“It’s for you!” exclaimed Mary. “For your Christmas—to make you happy!”
“For our Christmas! To make us happy!” repeated the girl, slowly. “Oh, I—I didn’t think we’d ever have a Christmas—or be happy again.”
“Nor me,” said her brother. “Oh, how kind you are!”
“It was the jolly sailor who thought of it,” said Tommy.
“And we’re going home with you, and make you happier yet,” added Johnny, and then, before the jolly sailorman could stop them, Mary had seen a big red auto coming down the street.
“Here,” she cried, “we’ll all get into this. I know the man will let us.” And, when the auto came rumbling up, Mary said to the man who was steering it:
“Please take us, and this boy and girl, home to their house so we can help them have Christmas.”
“Why, certainly I will,” said the man, kindly. Then he helped Mary and Tommy and Johnny and the poor boy and girl into his auto, and he put in the big basket of good things, and away they all went.

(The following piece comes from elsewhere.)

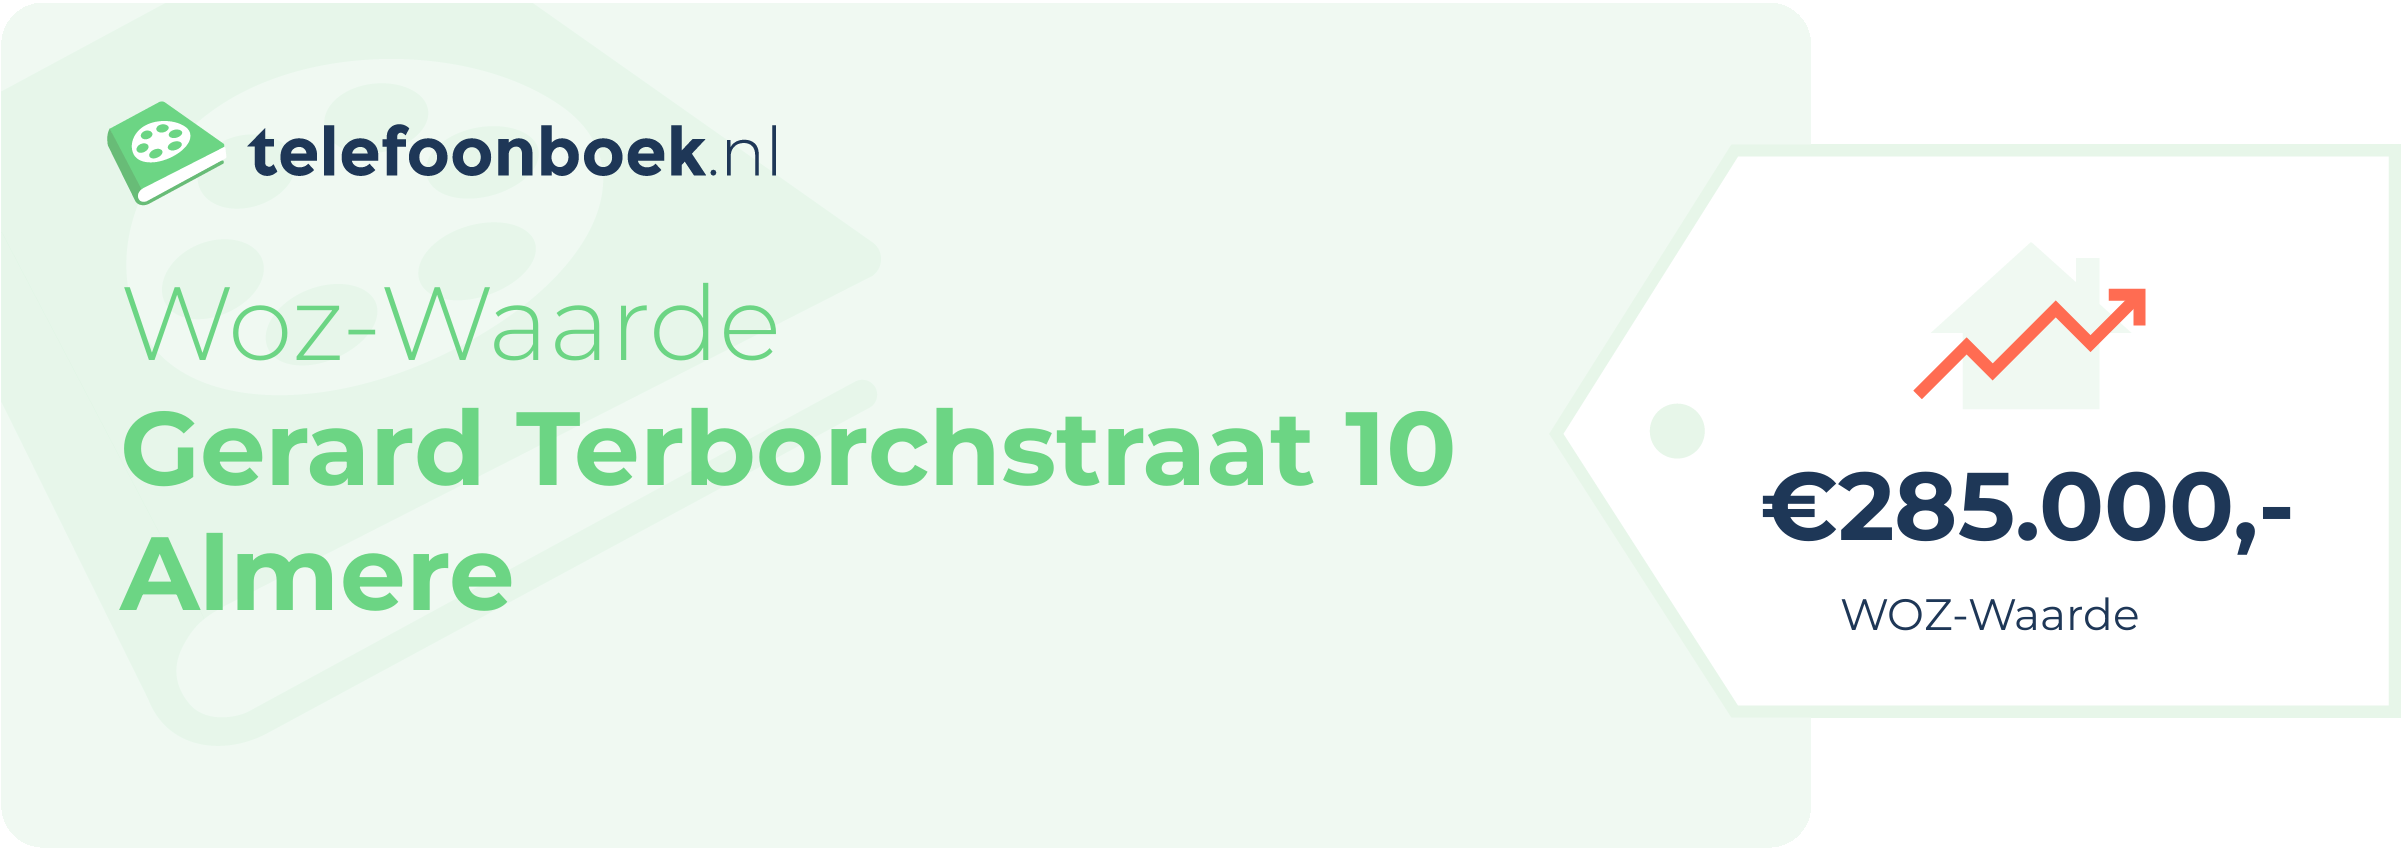 WOZ-waarde Gerard Terborchstraat 10 Almere

“Here! Here! Come back, if you please!” called the jolly sailor, trying to stump along after them with his wooden leg. “You Trippertrots will be lost again, sure pop!”
But Tommy and Mary and Johnny were so interested in going to make a Christmas for the poor boy and girl, that they forgot the jolly sailor, and never heard him calling to them. And they went on and on, farther and farther away, and what happened when they got to the poor boy’s and girl’s house I shall have to tell you in the next story.